The Star Valley Independent is a member of the Wyoming News Exchange. These stories come courtesy of the WNE.
By CJ Baker
Via Wyoming News Exchange
POWELL — State leaders hope a new program will encourage more medical providers and facilities to offer free care to some of Wyoming’s poorer residents.
Wyoming’s Volunteer Health Services Program was created earlier this year by the state Legislature.
The gist of the program is this: If a licensed healthcare provider or medical facility agrees to provide voluntary, free services to low-income Wyoming residents, the state government will effectively shield them from legal liability (i.e. medical malpractice suits) for that care.
Rep. Dan Laursen, R-Powell, was one of the lawmakers who championed the measure. He believes there are people who need care and can’t afford to pay and providers who are willing to treat them without charge.
“We really need to encourage those that can do it, the medical professionals and maybe our hospital,” Laursen said, adding later, “There’s people out there that want to do this stuff … They’re just afraid to be sued.”
Laursen and his colleagues in the Legislature overwhelmingly passed the volunteer health care bill, on a unanimous 30-0 vote in the Senate and a 44-15 vote in the House. All of Park County’s lawmakers supported the measure and Gov. Matt Mead signed Senate Enrolled Act 47 on March 14.
“Many healthcare providers and facility operators may be concerned with legal liability for volunteer services,” explained state Sen. Tara Nethercott, R-Cheyenne, another backer of the legislation. “Those type of concerns should not be a barrier for someone who wants to share their expertise and time by offering needed medical help.”
To participate in the new program, providers enter into a contract with the state that technically makes them state government employees or facilities, granting them sovereign immunity for the free care they provide.
“Any malpractice claim arising from uncompensated services rendered to eligible patients would be defended and paid by the state under the [Wyoming] Governmental Claims Act,” said Wyoming Department of Health Director Tom Forslund.
Any healthcare provider or facility that’s licensed or certified by the state is eligible to participate.
“Physicians, dentists, physician assistants, nurses and advance practice nurses, pharmacists, optometrists, psychiatrists, psychologists, hospitals and clinics will be critical to the success of this program,” the Department of Health says on its website. “It is through your generosity in giving time, talent and expertise that necessary services will be provided to some of our state’s most vulnerable residents.”

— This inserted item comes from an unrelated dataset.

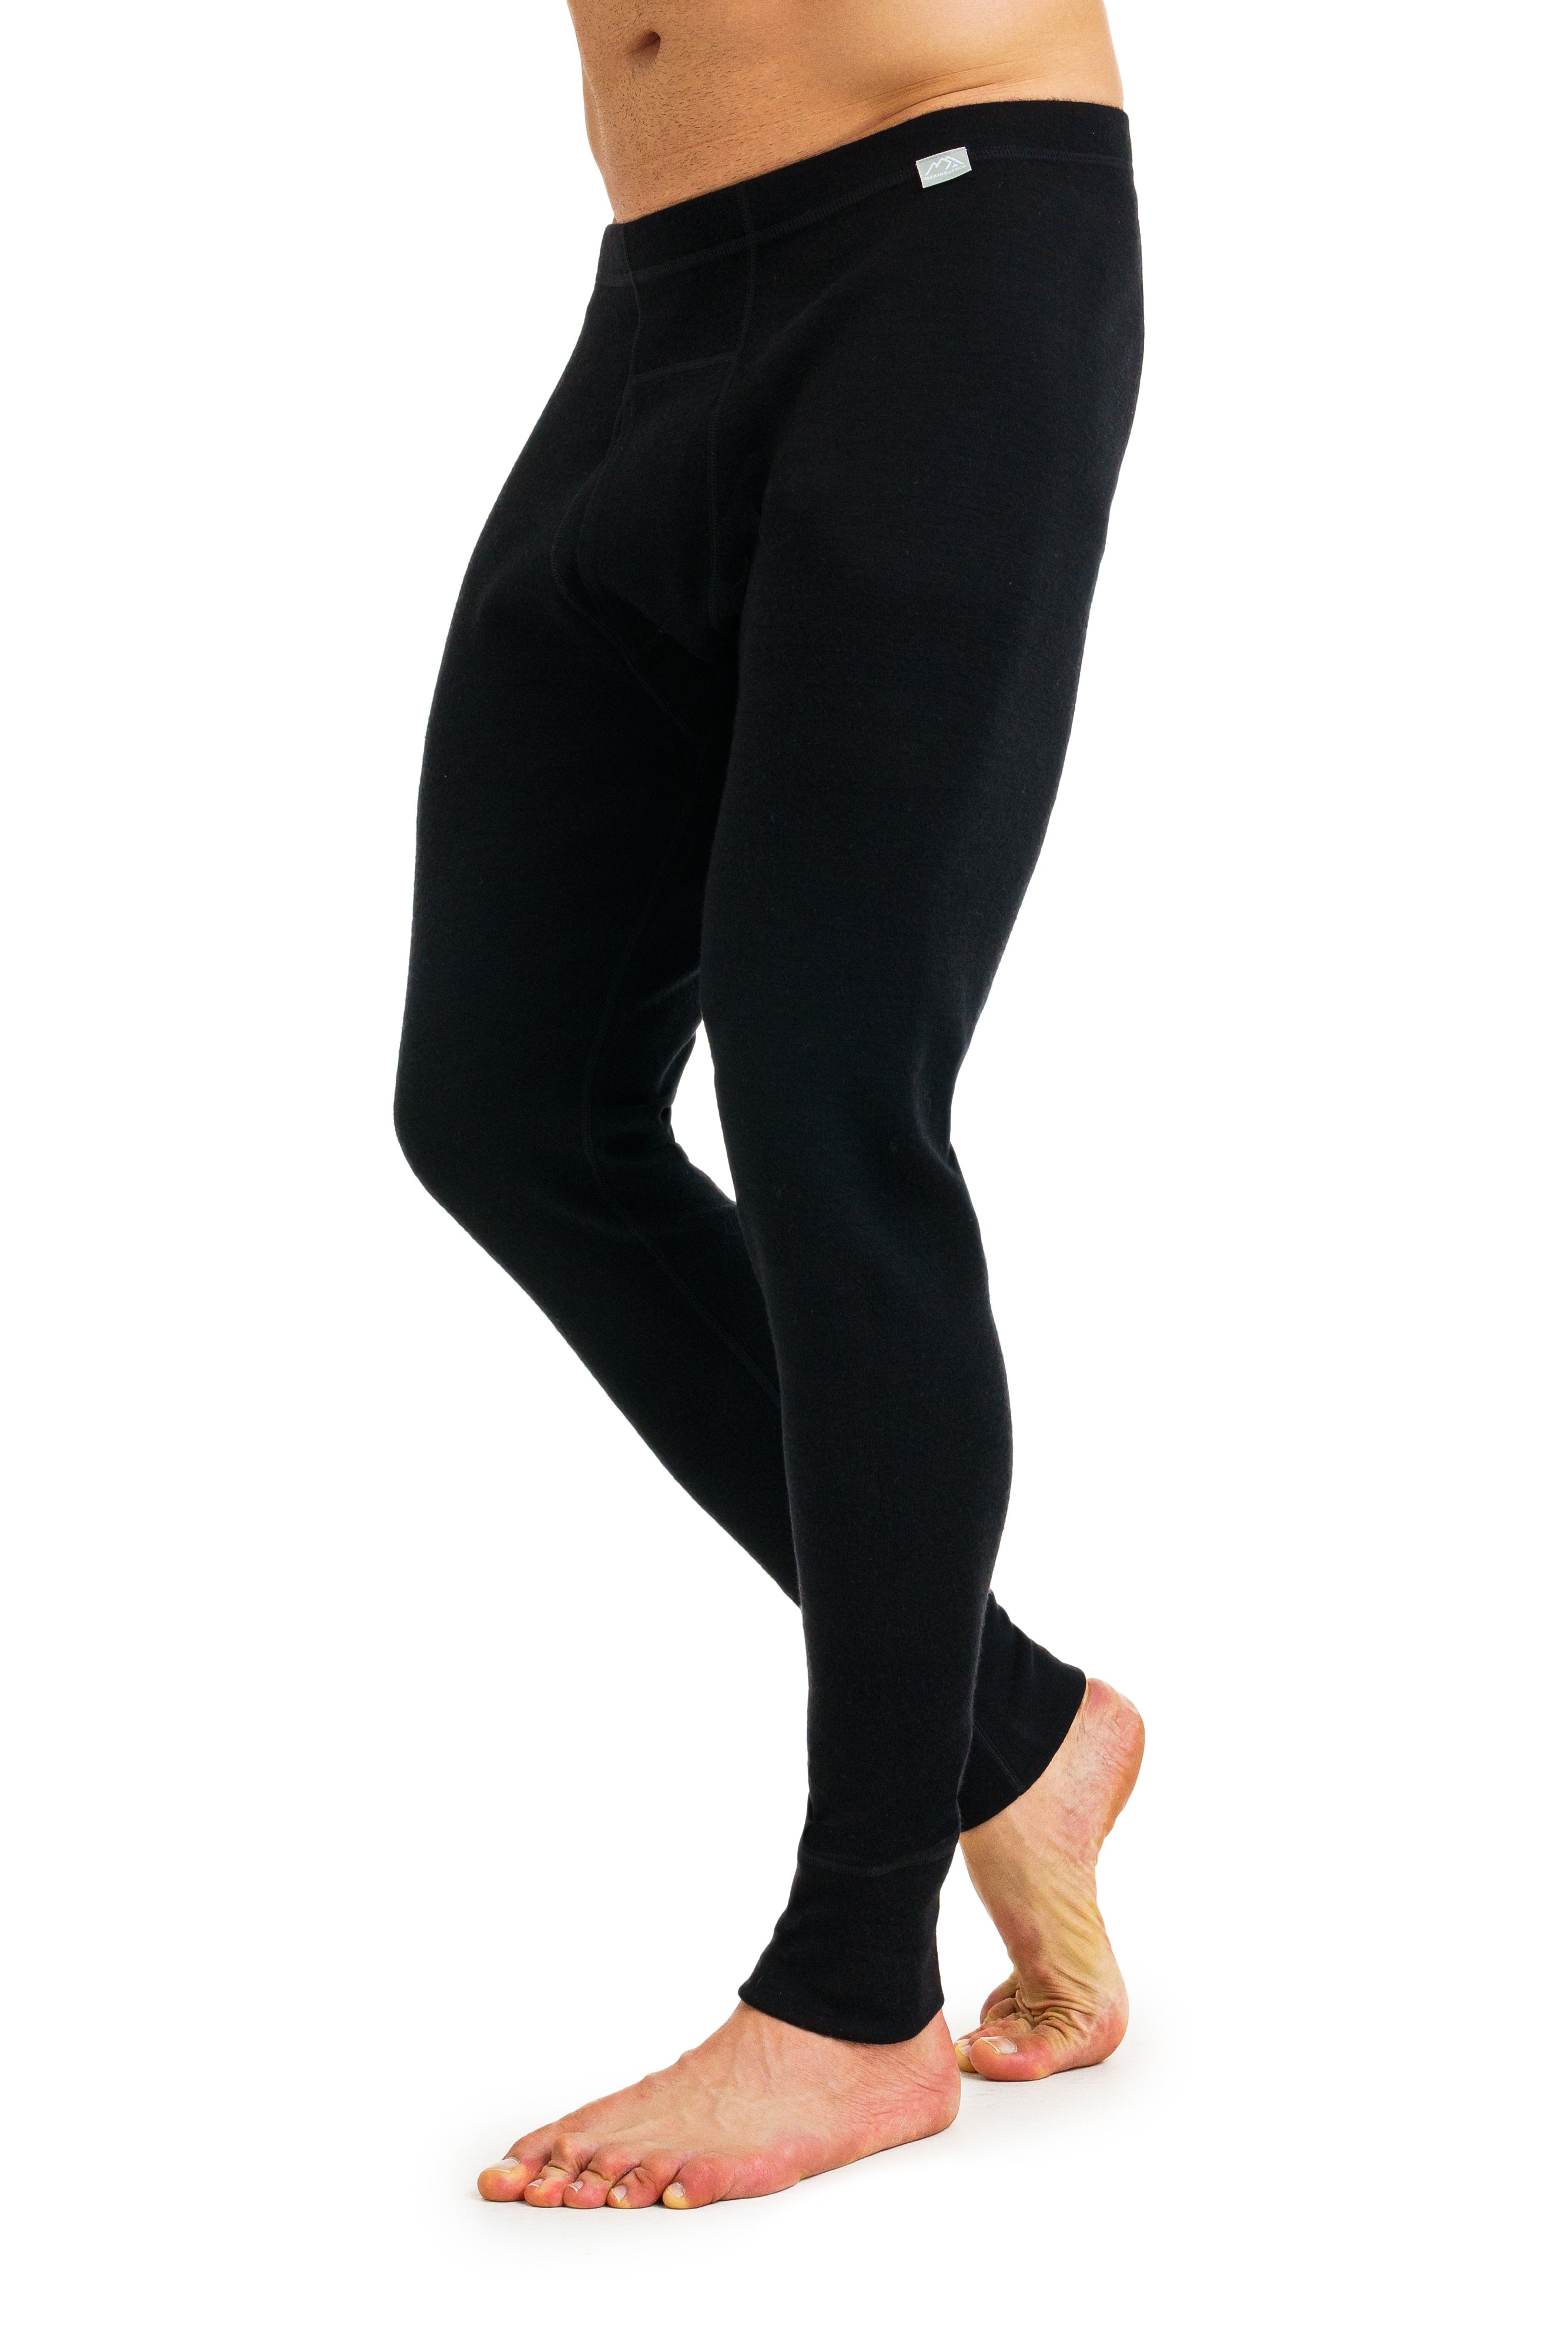 Merino Wool Pants - Heavyweight Base Layer Black | Bottom | Underwear |  Thermal 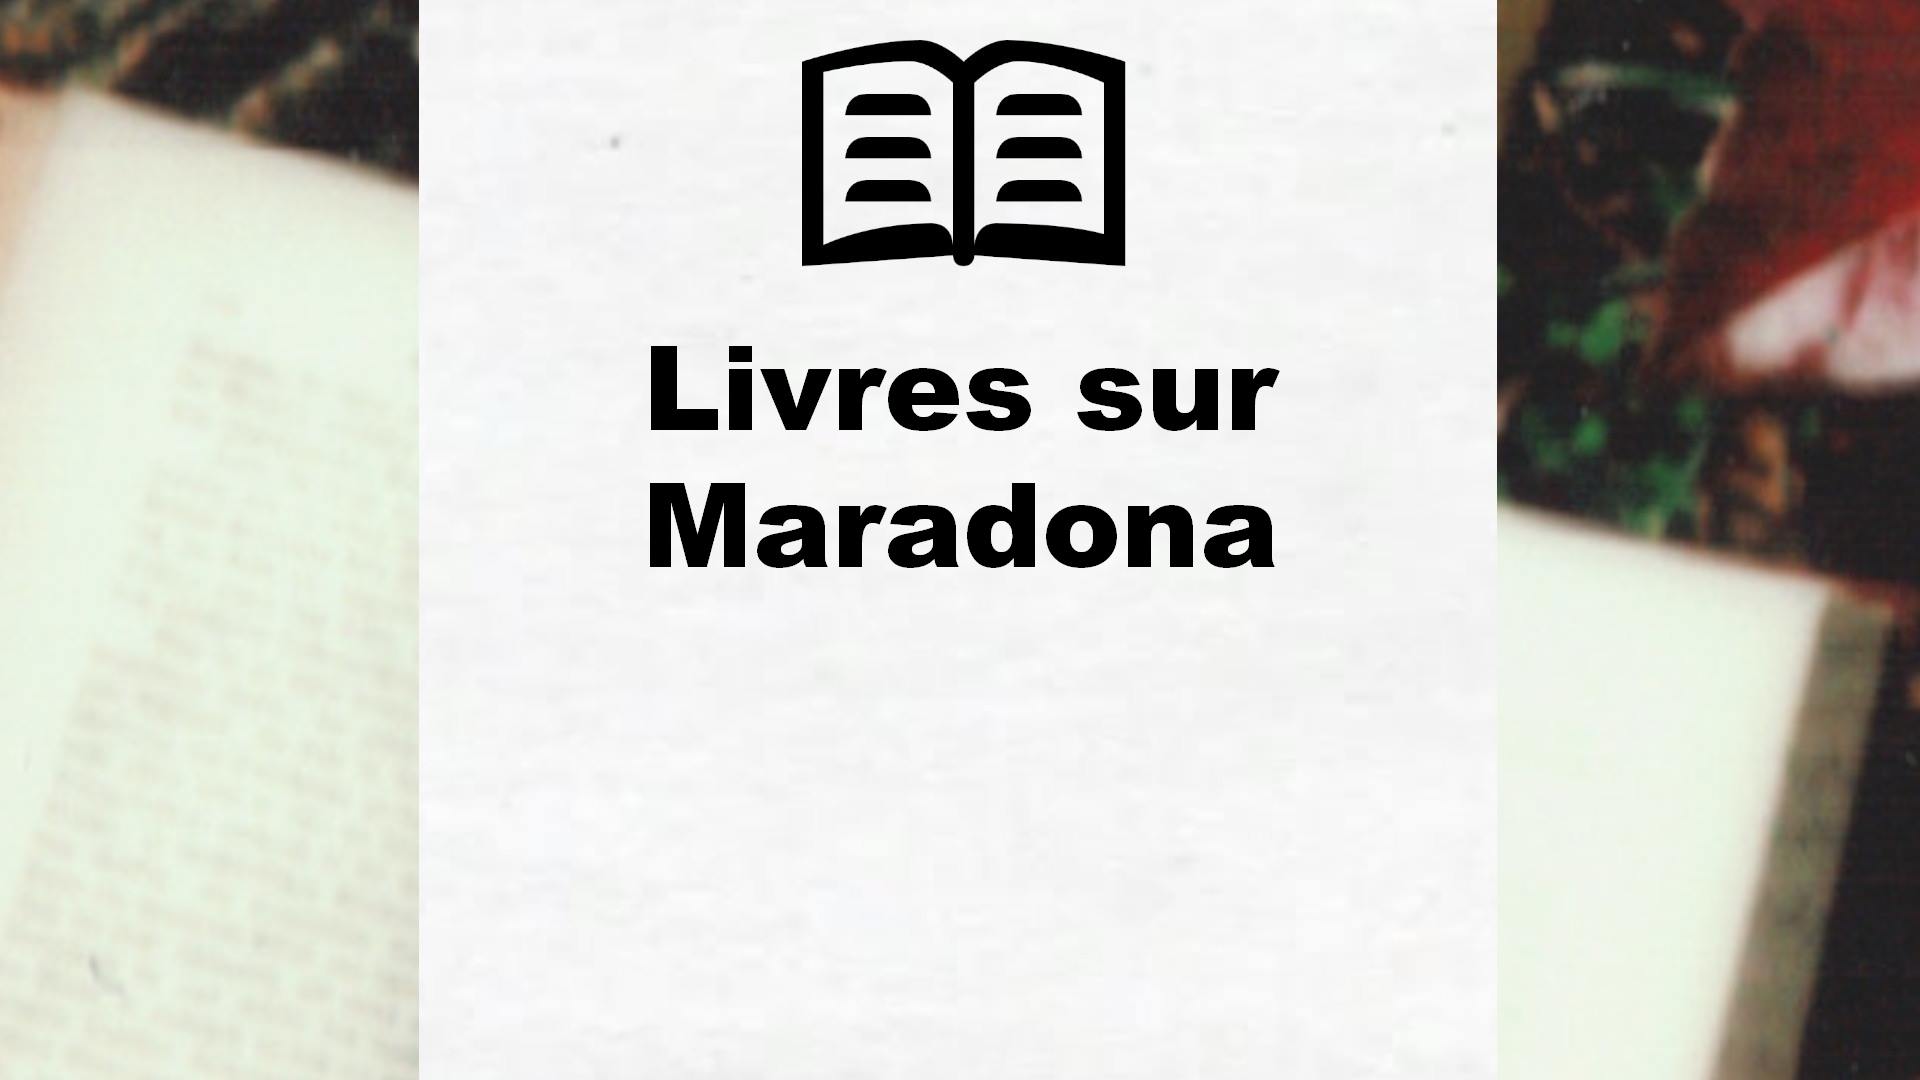 Livres sur Maradona

To be eligible for the free, volunteer services under the program, a patient must have an annual income that’s at or below 200 percent of federal poverty levels. Currently, that threshold stands at $24,280 for an individual and goes up based on additional family members — such as $50,200 level for a family of four. Patients also must lack health insurance, or have been denied coverage.
Laursen said he’s excited the program has become a reality in Wyoming. He specifically thinks retired professionals who still hold active medical licenses may be interested in providing free care.
“I think if people knew they could do that and have malpractice coverage through the Wyoming Governmental Claims Act, they may want to do it,” he said.
Wyoming’s volunteer health care legislation was patterned after a similar effort in Florida, Laursen said, and it came to the Cowboy State after being pushed for by a conservative think tank called the Foundation for Government Accountablity.
The nonprofit foundation, better known as the FGA, is based in Naples, Florida, and describes itself as “reducing dependency and promoting better lives through empowerment.”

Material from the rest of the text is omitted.